Can the EU agree on a plan to alleviate the energy crisis?

A few days after Russia said it would not restart gas flows through a key pipeline to Europe, the bloc’s energy ministers backed master plans for a price cap on all gas imports and a levy on energy producers.

But, at an emergency meeting late last week, they struggled to agree on the details. They still have to decide whether to limit the price of all imported gas or just supplies from Russia and how to establish a mechanism to skim the unexpected profits of energy companies enjoying record prices.

With European Commission President Ursula von der Leyen expected Wednesday in her annual State of the Union address to focus on energy, bureaucrats are trying to find common ground across 27 member states to prevent blackouts and financial woes for businesses. and consumers this winter.

Fredrik Persson, president of the industrial body BusinessEurope, said that “addressing skyrocketing energy prices and finding ways to mitigate them is an urgent matter of survival for both European industries and households”.

Why is the EU acting now?

Moscow’s announcement on Monday that gas supplies would not be restored through the Nordstream 1 pipeline until sanctions imposed after its invasion of Ukraine were lifted raised fears of a total cut in Russian gas.

Last year, the EU imported some 155 billion cubic meters of the Russian pipeline, about 40% of its total supply. It has now dropped to 9%, with small flows continuing to reach Europe via Turkey and Ukraine. The tightening on supply has helped push prices up to about 10 times the average over the past decade.

EU gas storage levels have reached 83% of their total capacity, well ahead of the 80% target set for the end of October, giving hope that there will be sufficient supplies this winter.

But there is still pressure on politicians to find solutions to the crisis. Many companies in energy-intensive sectors such as fertilizer production and steel have already closed or reduced production, while households must cut basic necessities such as food to afford their energy bills.

What was proposed?

The commission presented proposals on Wednesday that included suggestions to skim the profits of energy companies and launder the proceeds of households and businesses, a relaxation of state aid rules to bail out companies hit by high energy bills, a mandatory cut at peak demand. electricity and, more provisionally, a cap on the price of gas, including from Russia.

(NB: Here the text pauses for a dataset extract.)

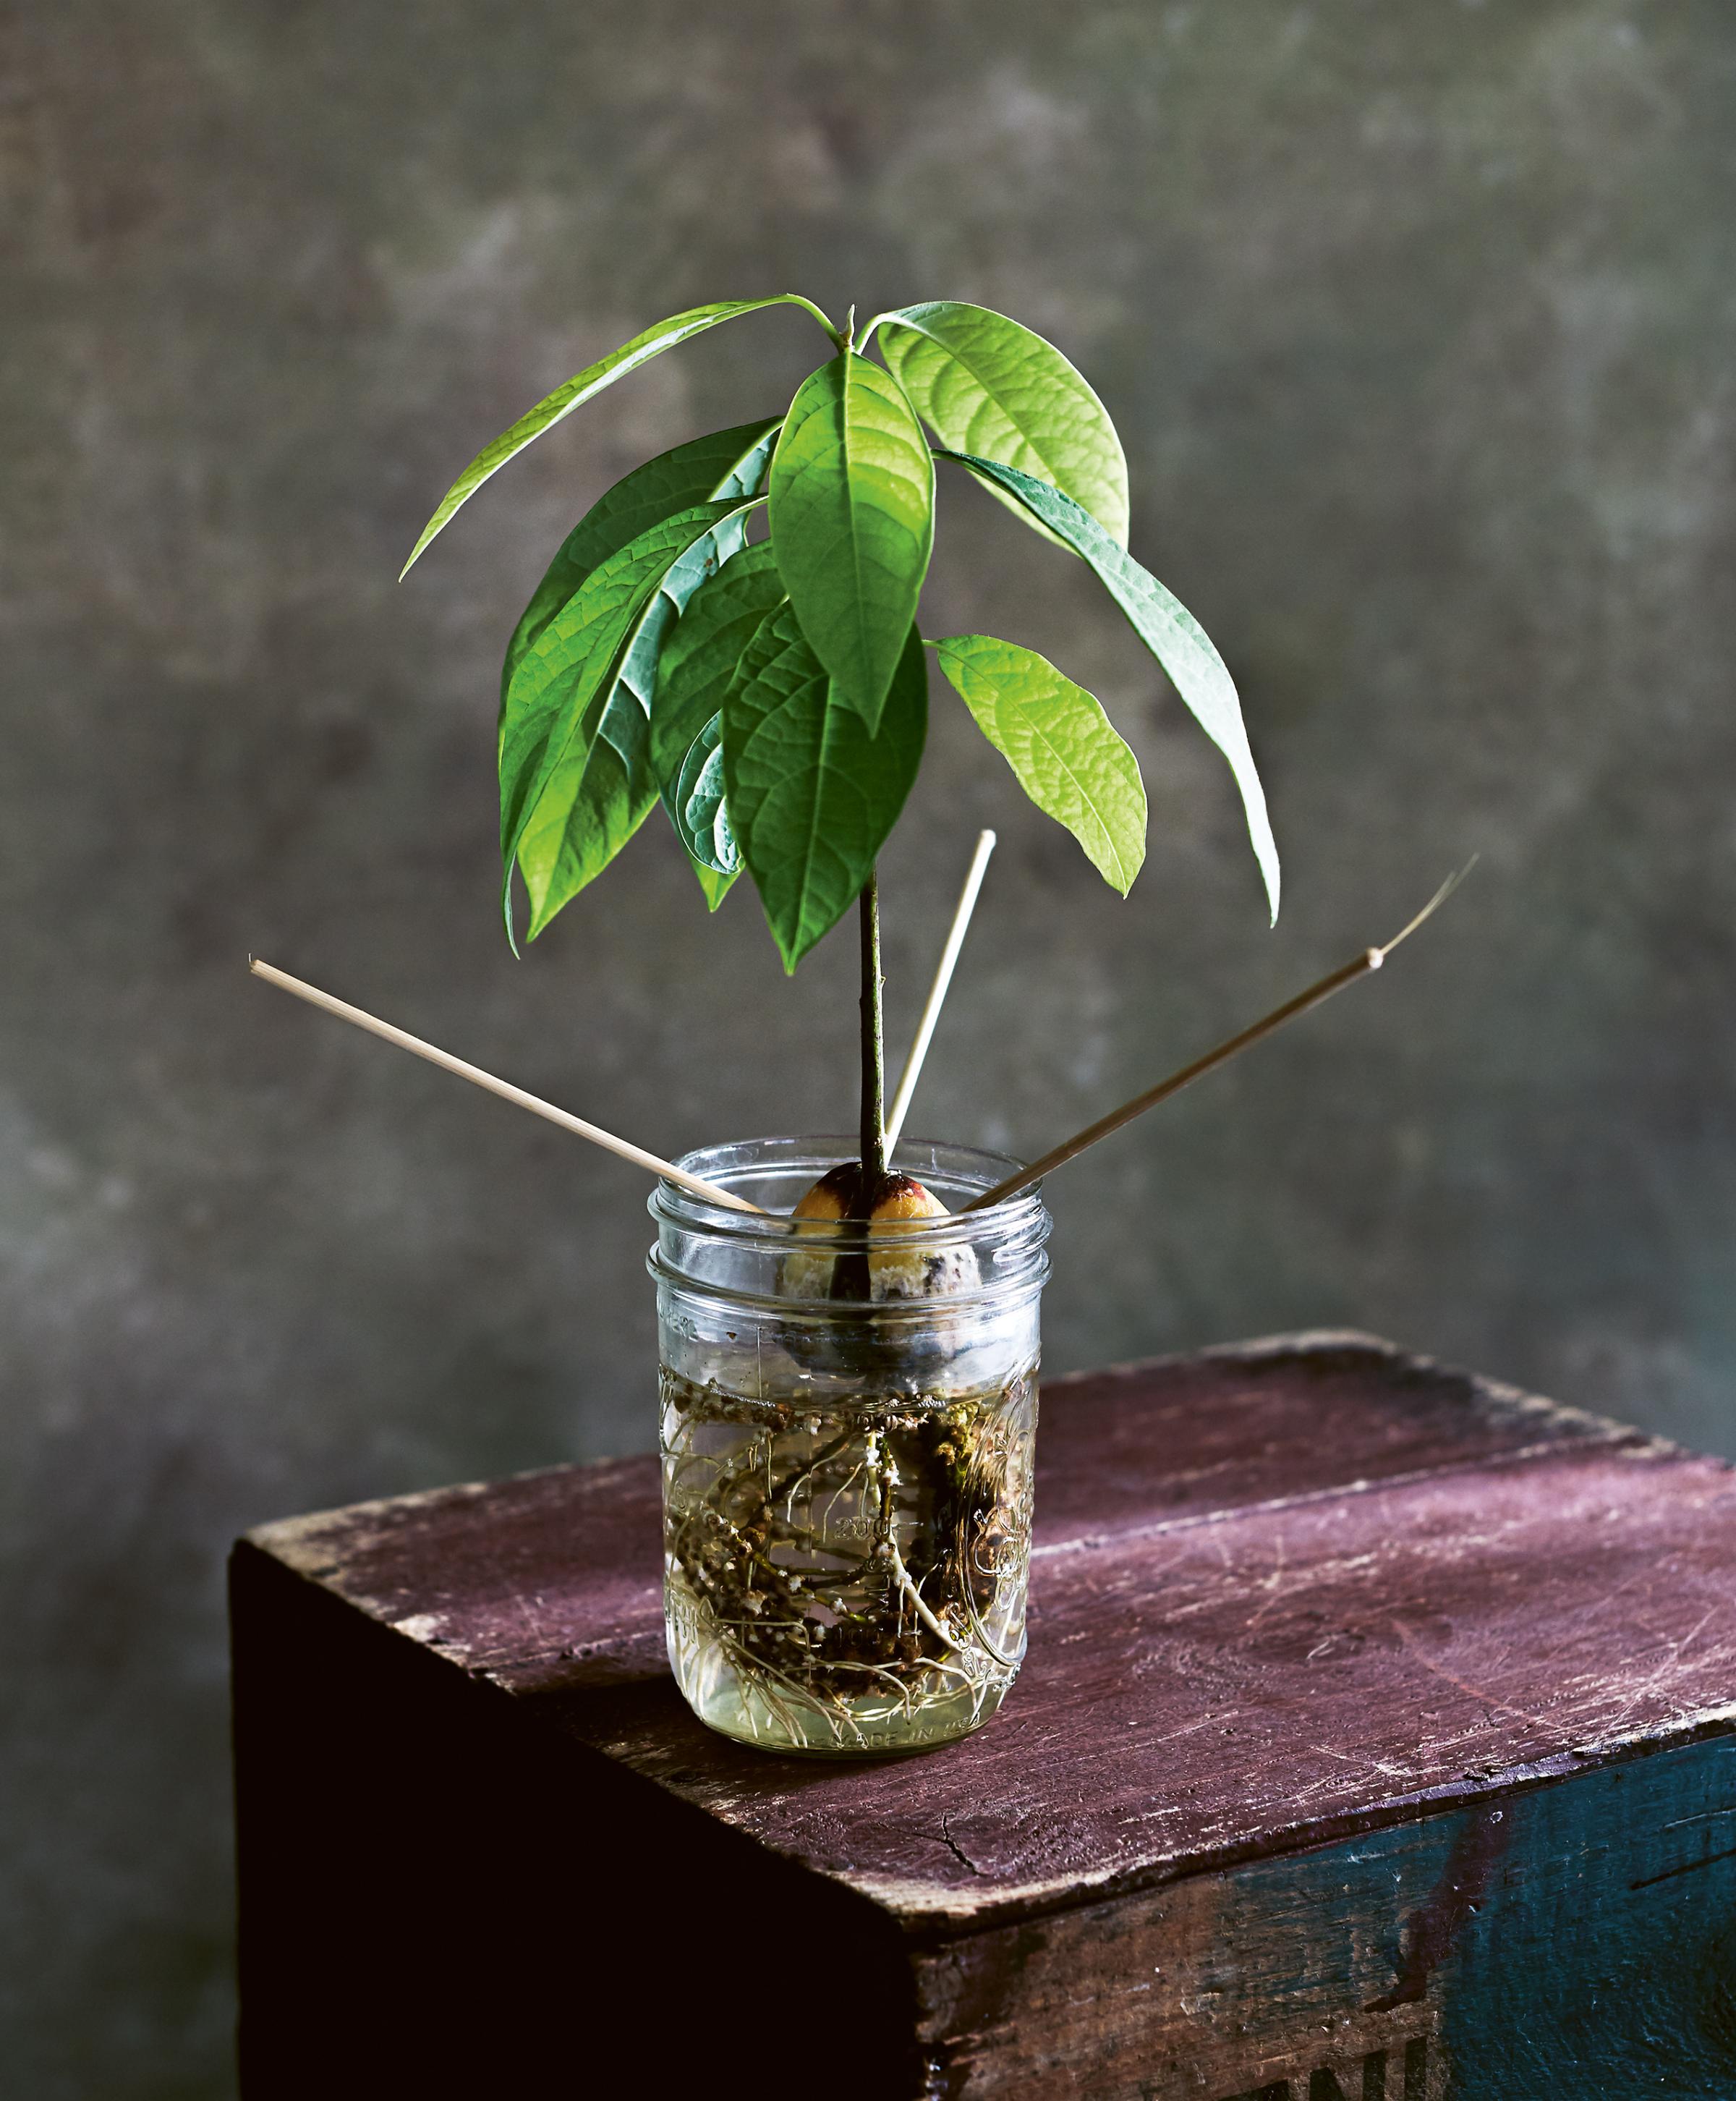 Undated Handout Photo of an avocado plant growing from a stone. See PA Feature GARDENING Advice Scraps. Picture credit should read: Kim Lightbody/PA. WARNING: This picture must only be used to accompany PA Feature GARDENING Advice Scraps.
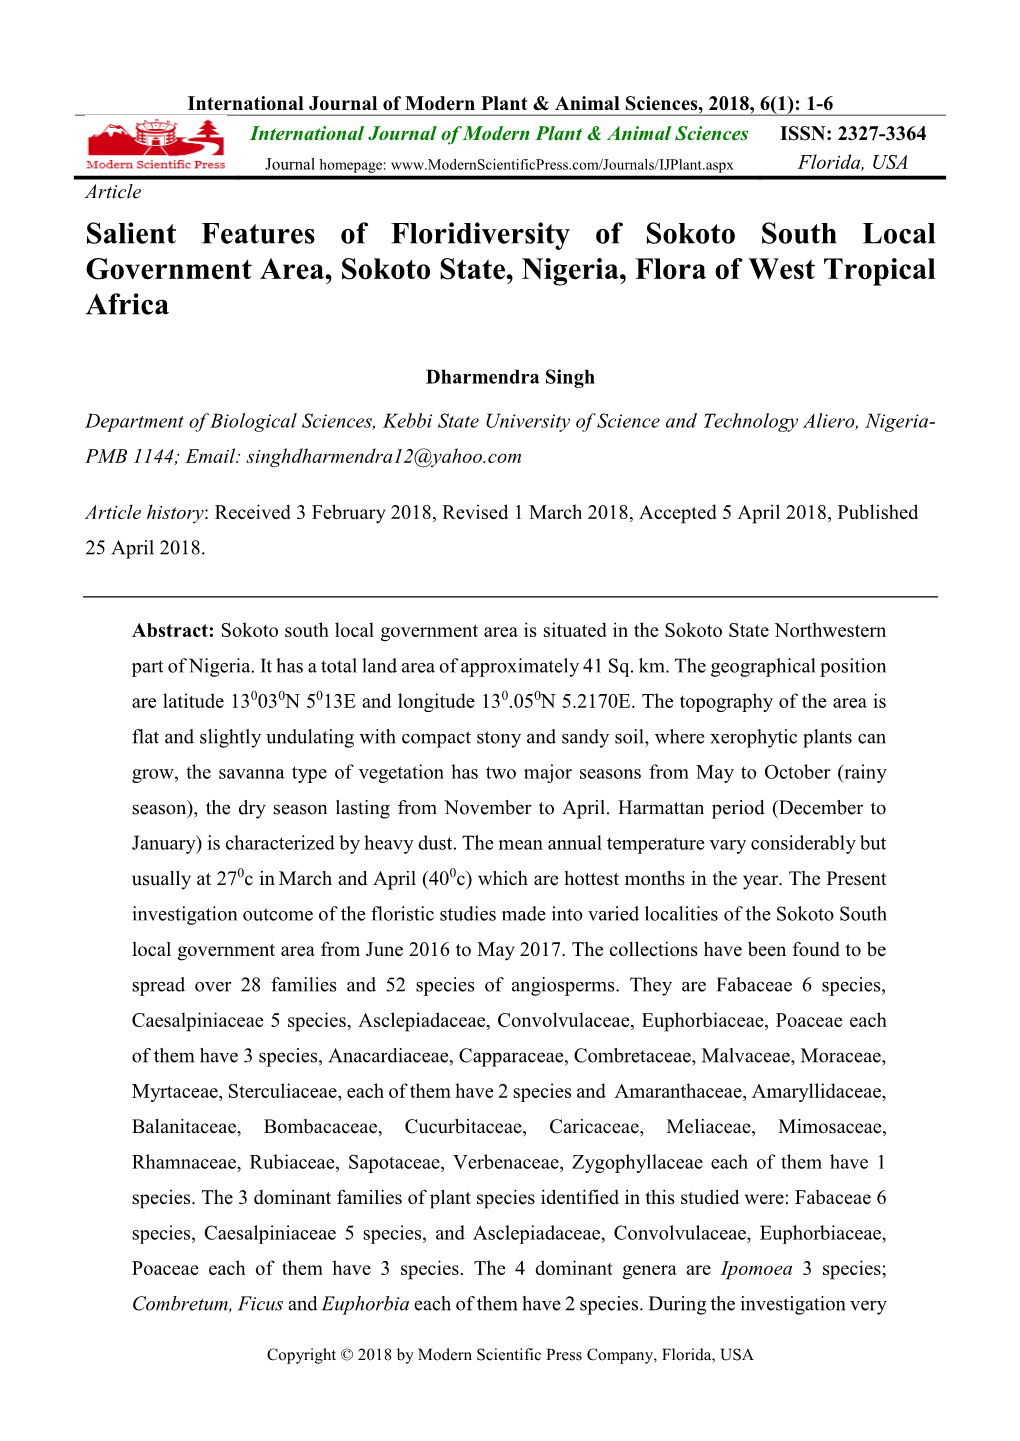 Salient Features of Floridiversity of Sokoto South Local Government Area, Sokoto State, Nigeria, Flora of West Tropical Africa

At their meeting on Friday, according to the Czechs, who hold the rotating presidency of the European Council until January, ministers agreed that Brussels should focus on four areas: reducing peaks in electricity demand; unexpected levies on non-gas electricity production; a larger cap on the price of gas; and provision of liquidity to energy producers who are faced with increasingly high demands for collateral.

Several EU capitals have also called for a break in the link between gas and electricity prices. Others want to temporarily cut the cost of carbon taxes that companies pay as compensation for their emissions.

How would the price caps and the extraordinary income tax work?

This is where the agreement on what should be done stops. On gas price caps, countries including Italy, Austria and Greece are opposed to a cap only on Russian imports as they fear Moscow will cut off remaining supplies.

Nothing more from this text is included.